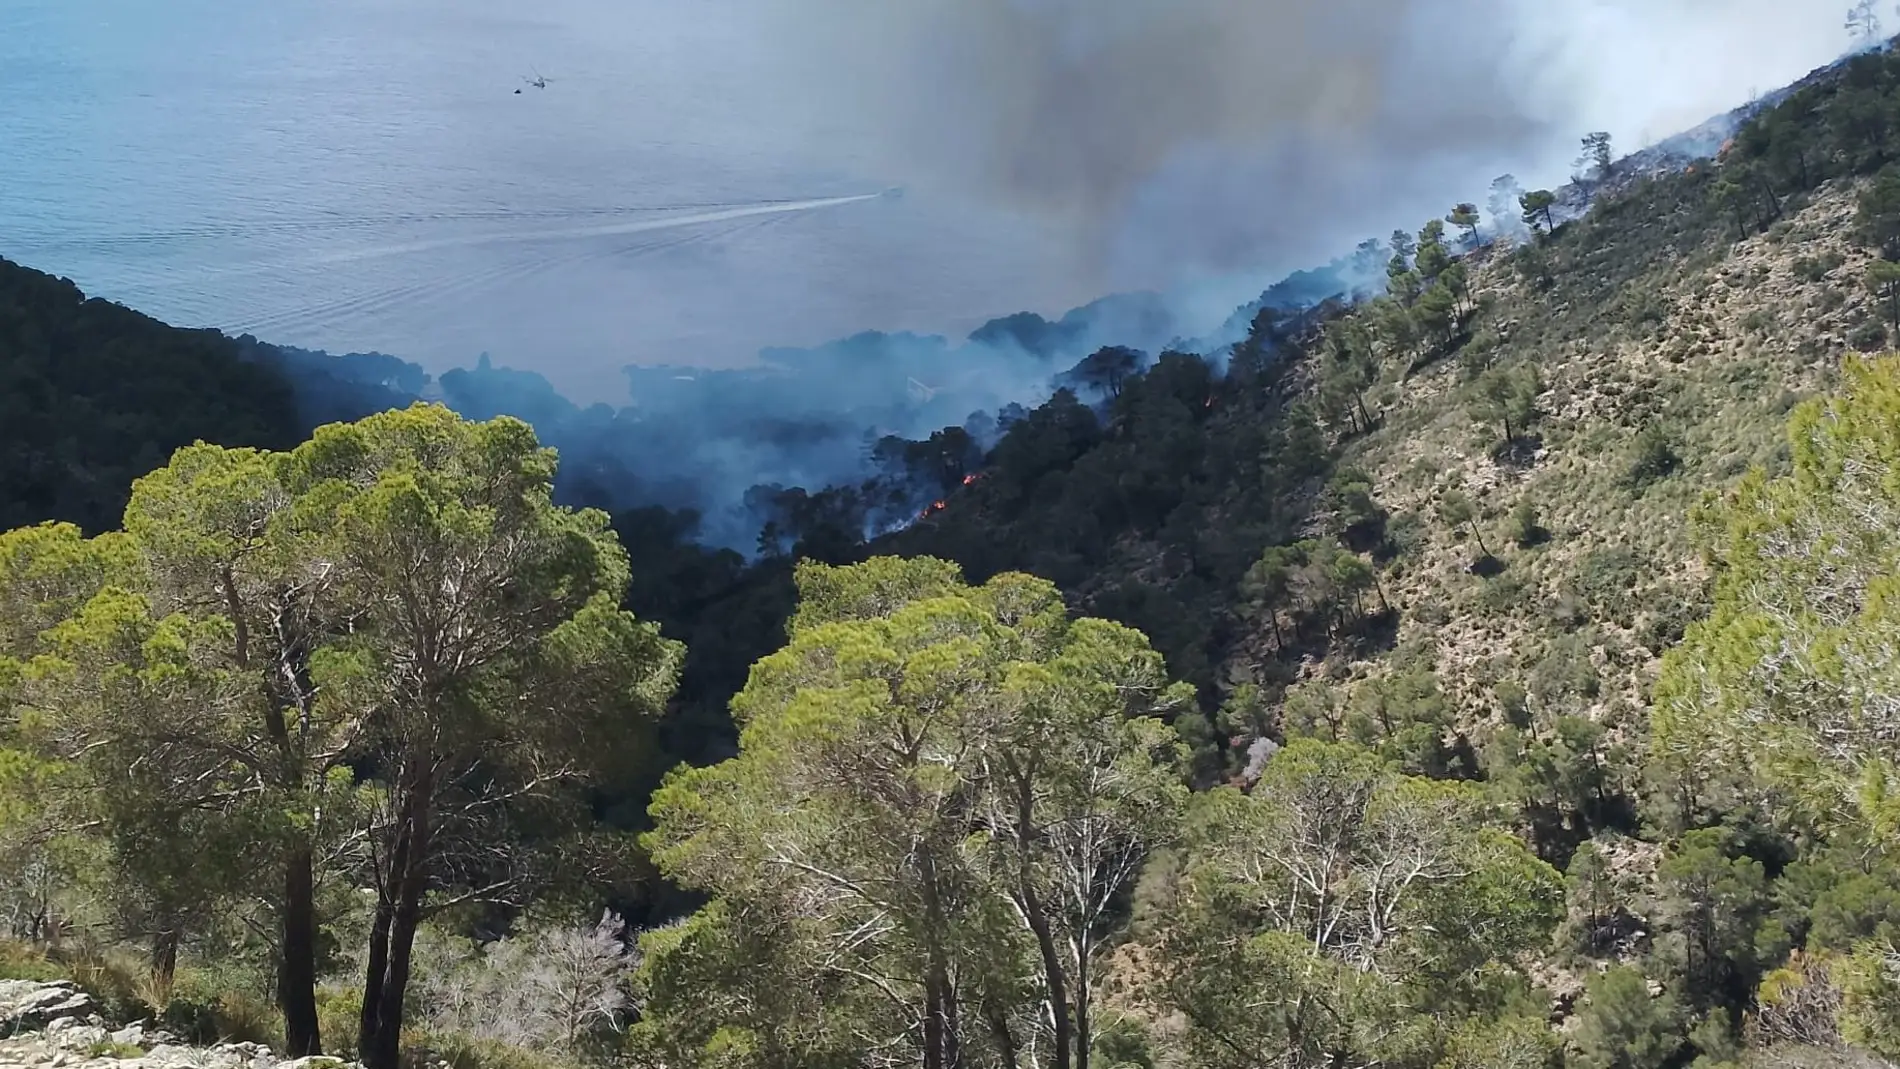 Un incendio forestal desatado en Costa dels Pins ha llevado al desalojo de 12 personas. 
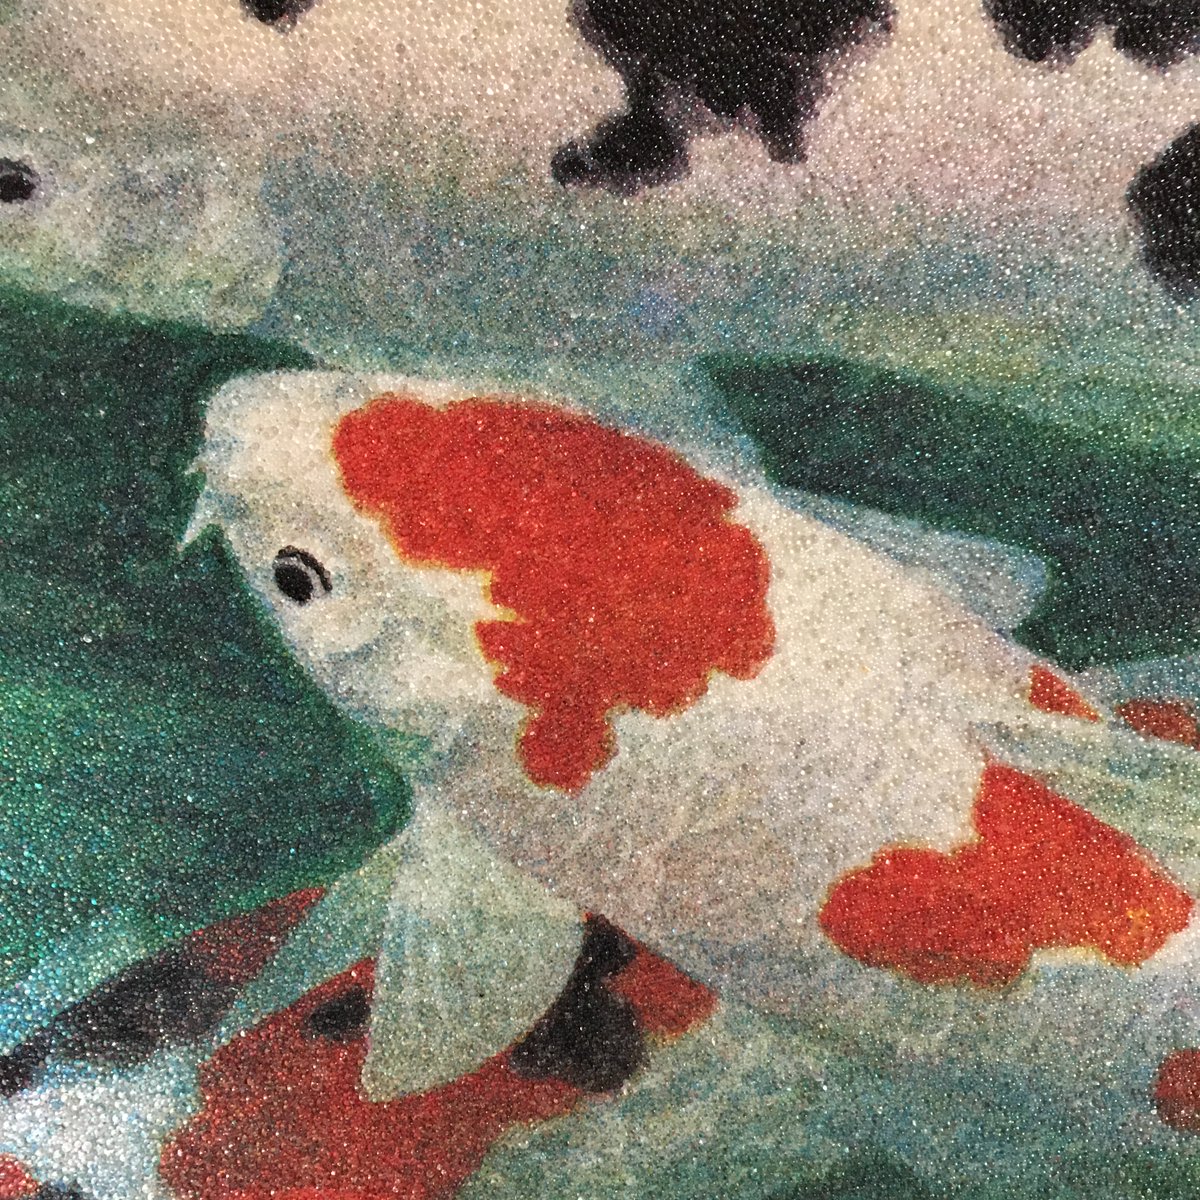 東洋九十九ベィホテル どこかの客室に飾られている こちらの名画 目にも涼しげ 鯉が描かれています ちょっとジャリジャリした 砂絵のような質感 キラキラして綺麗です T Co Cvmoqzvsjp Twitter
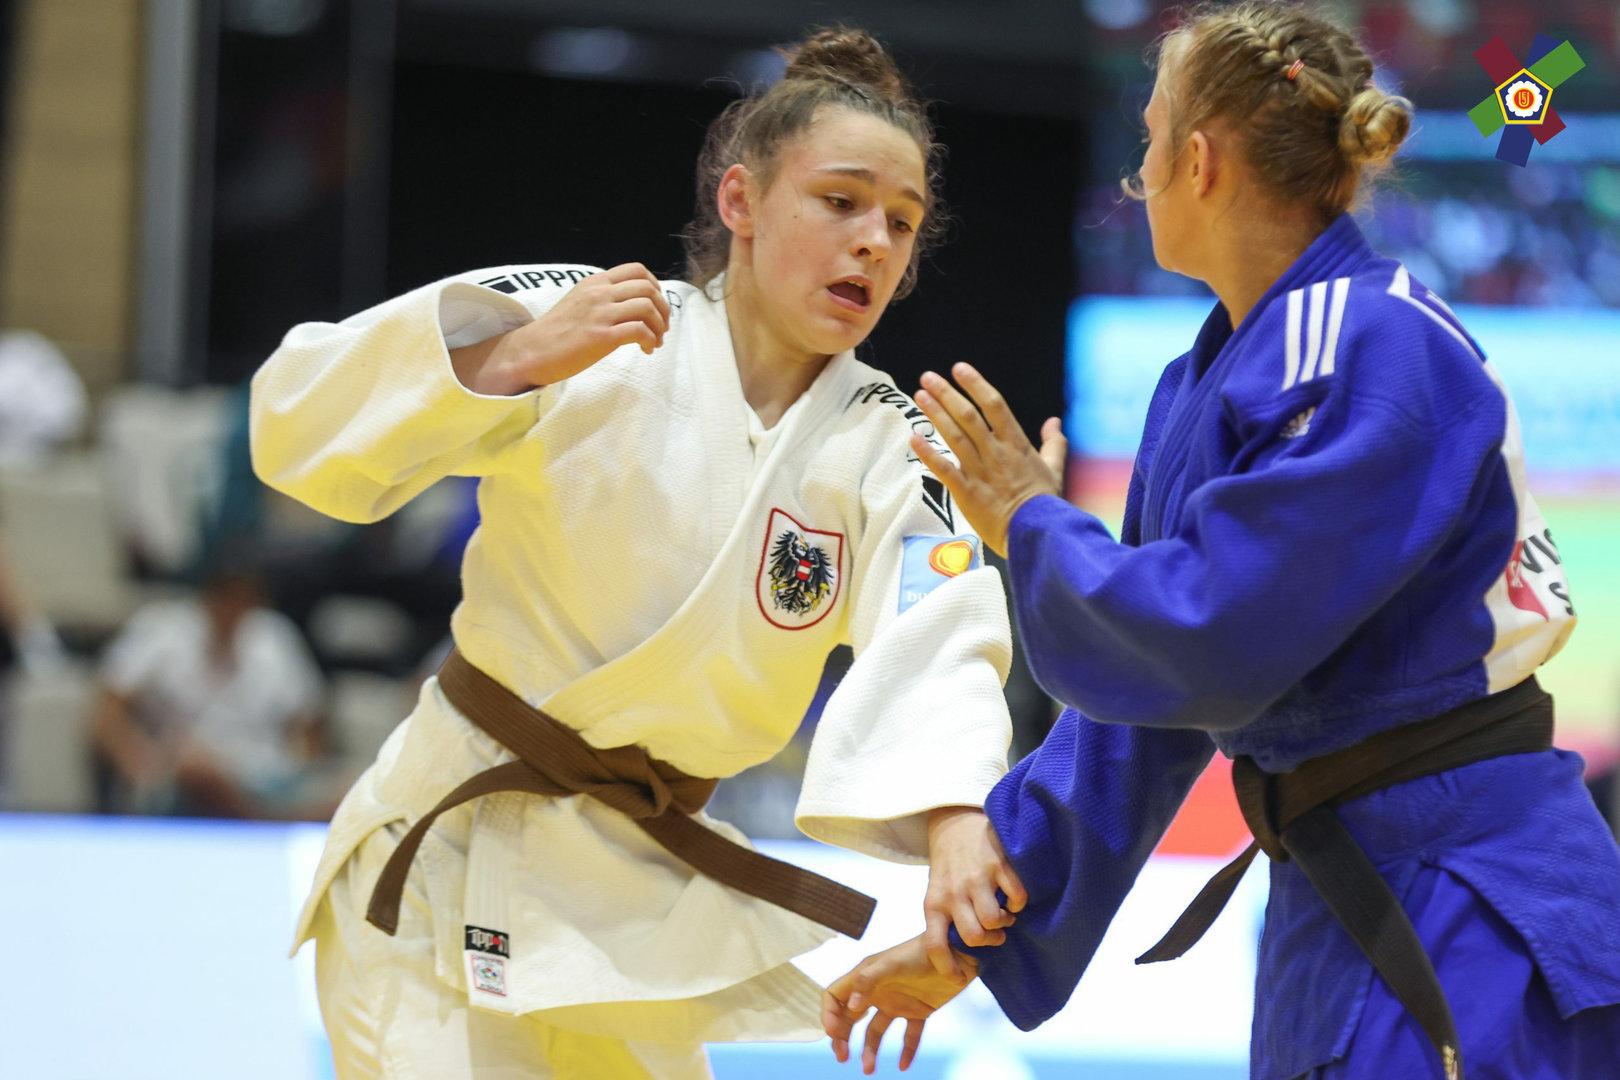 16-Jährige aus Mautern erreicht zweiten Platz in U18-Judoka-WM

_WHAT YOU WILL DO_
Please output all the data exactly as given, with the pictures omitted.

_WRITTEN SOLUTION_
 Un incendio forestal desatado en Costa dels Pins ha llevado al desalojo de 12 personas. 
 東洋九十九ベィホテル どこかの客室に飾られている こちらの名画 目にも涼しげ 鯉が描かれています ちょっとジャリジャリした 砂絵のような質感 キラキラして綺麗です T Co Cvmoqzvsjp Twitter
 16-Jährige aus Mautern erreicht zweiten Platz in U18-Judoka-WM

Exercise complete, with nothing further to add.